When the demand for talent is greater than the supply, a Scarcity Model should be utilized to attract the best talent, not the Abundance Model designed to weed out the weak.  The Abundance model is designed to hire the best person who applies, whereas the Scarcity Model seeks to find the best person available.  Often a company seeking a specialized talent will find that the Abundance model may provide a large number of applicants but those applicants do not represent a strong enough match to their criteria.  They will then try to raise the selection standards by tightening the talent filter, resulting in a smaller number of still unqualified talent.
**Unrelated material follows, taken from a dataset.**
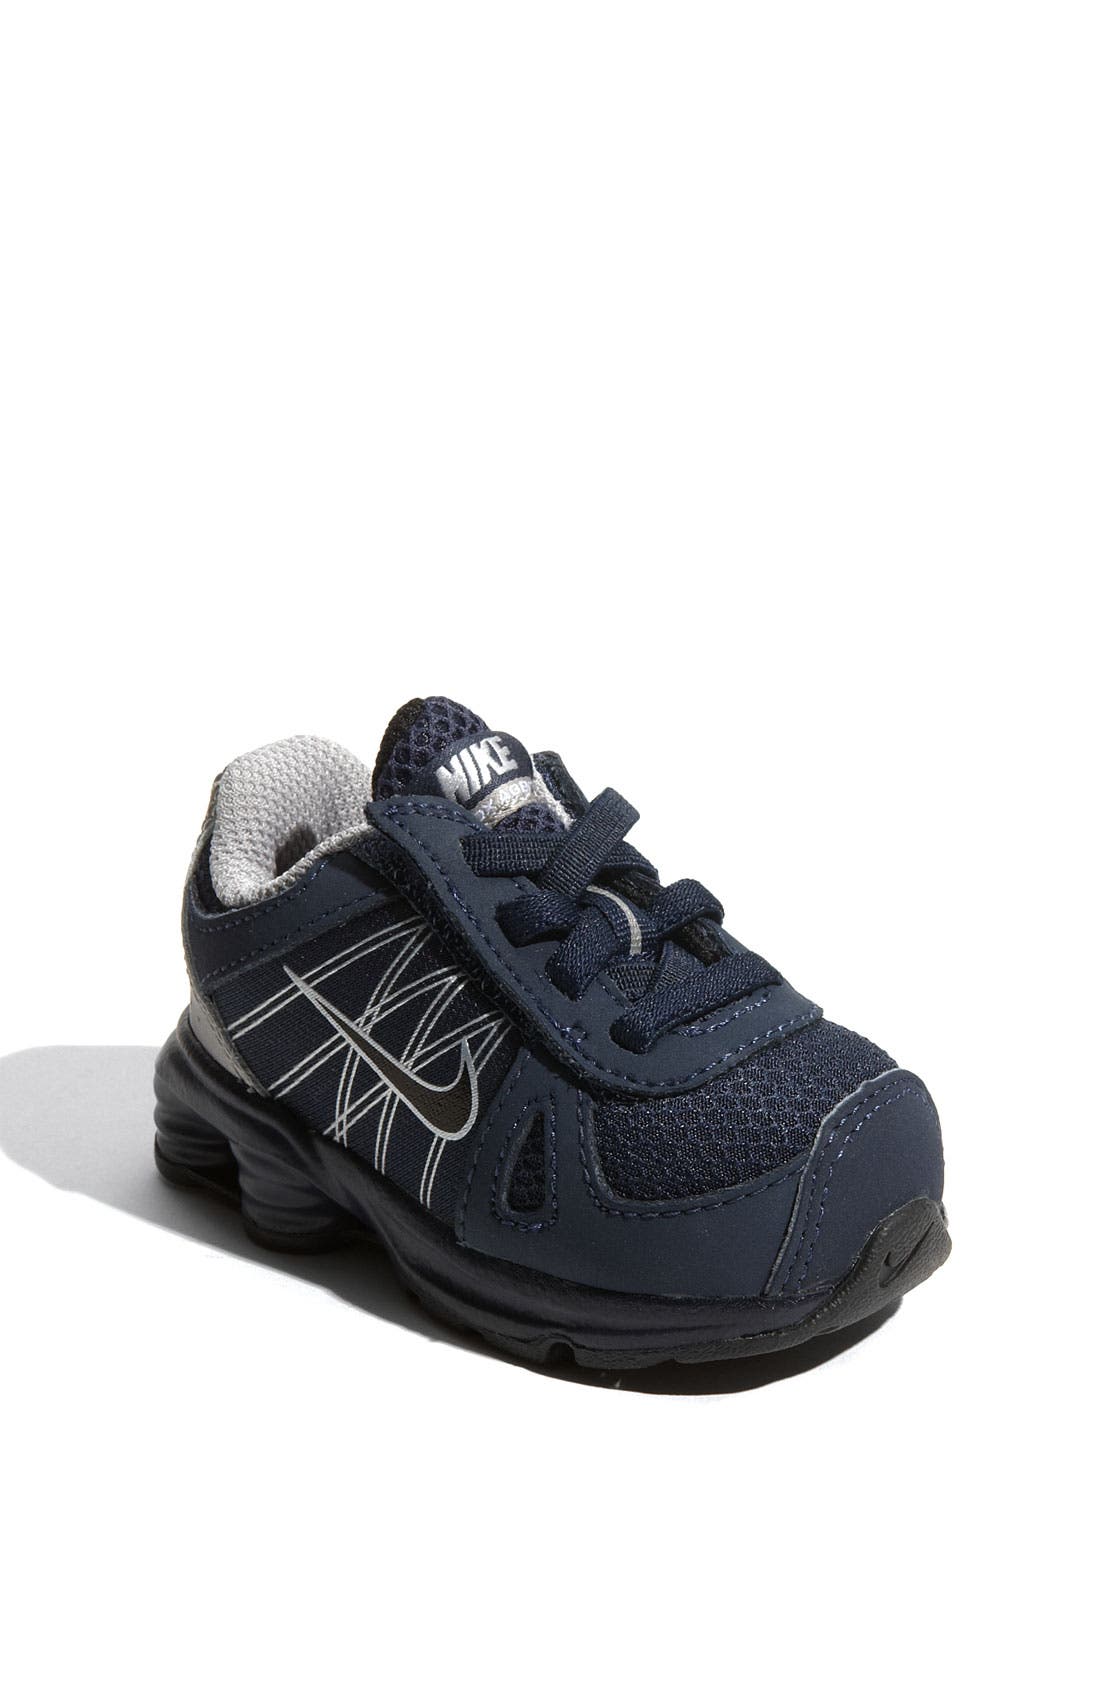 Nike 'Shox Agent' Running Shoe (Baby

If you are truly looking for the best talent, it’s best to employ the Scarcity Model.  This model starts from the strategic assumption that there is a shortage of the specific talent your organization is seeking.  It compels the hiring team to look at the role from a perspective of what constitutes success for the organization, rather than simply trying to fill bullet points in a job description.  The Scarcity Model seeks to construct an ideal talent profile based on a series of dynamic performance objectives that are realistic and measurable coupled with a look at what comprises an ideal career path for a talent, rather than a simple job description emphasizing skills, academics and required experience.  Designing a talent profile that not only highlights past performance indicators but clearly defines what the role is trying to accomplish in your organization is the first step to finding the right talent.  And a key part of the hiring process must be the involvement of hiring managers, not just internal Human Resources to be responsible and fully-engaged in the search.

Strategy should drive the tactics that are being used to hire, not the other way around.  Hiring situations are fundamentally different based on each company; using the tactics at one organization to drive the talent acquisition function at another makes little sense.  But employing the Scarcity Model will work no matter which company is using it.  Our philosophy at Hager Executive Search is to get the best talent, the strategy must be done first, the tactics flawlessly executed, and the principle of scarcity always assumed; otherwise the best talent will not be identified.